Monday, January 16, 2006

How the left was won (or why Labour is not right-wing)

If David Cameron is a conservative and Tony Blair is also right-of-centre then:

‘why…the Liberal Democrats should join them. It would be political suicide.’ By [making] ‘the Lib Dems a clone of the other two Tory parties’

So should the Lib Dems head into the ground left vacant by the Blairite Labour party? This would be a huge mistake because the Labour party is still within the grand sweep of the Labour movement. They appeared to move from their traditional stomping grounds for a reason – the reason why the Conservative party have elected as their party leader a smoothie drinking, baby-faced bloke with a pregnant wife rather than, say, this chap .
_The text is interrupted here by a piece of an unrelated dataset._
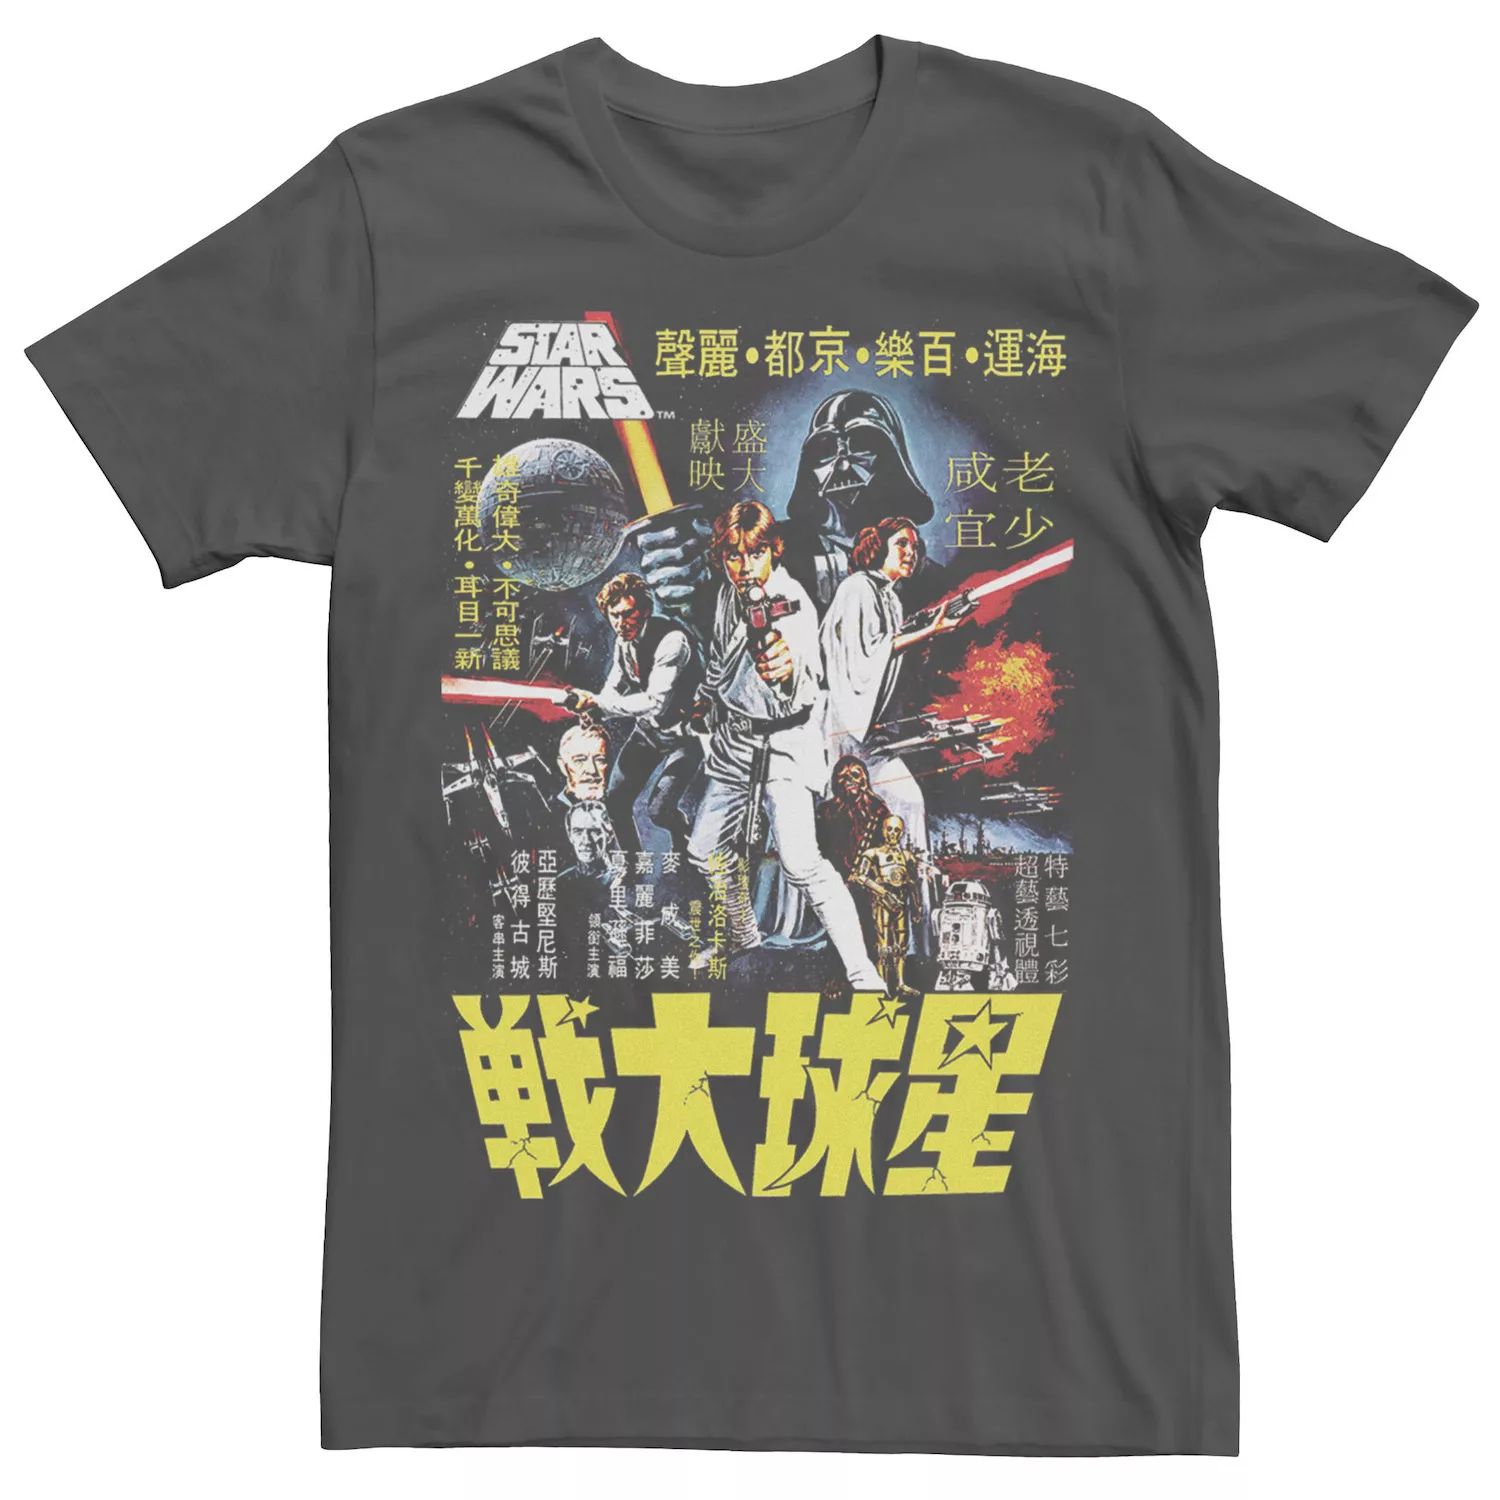 цена Мужская футболка с плакатом «Звездные войны» Licensed Character

The Tories had two problems. Their interpretation of conservatism had become outdated. They were a party of "the country of long shadows on country grounds, warm beer, invincible green suburbs, dog lovers and pool fillers and - as George Orwell said - 'old maids cycling to Holy Communion through the morning mist' to quote John Major, when 81% of the English population live in cities. And (perhaps due to working on a vision of Britain circa 1950) they looked nasty - remember the survey where people stopped supporting a policy once it was shown to have been proposed by the Conservatives?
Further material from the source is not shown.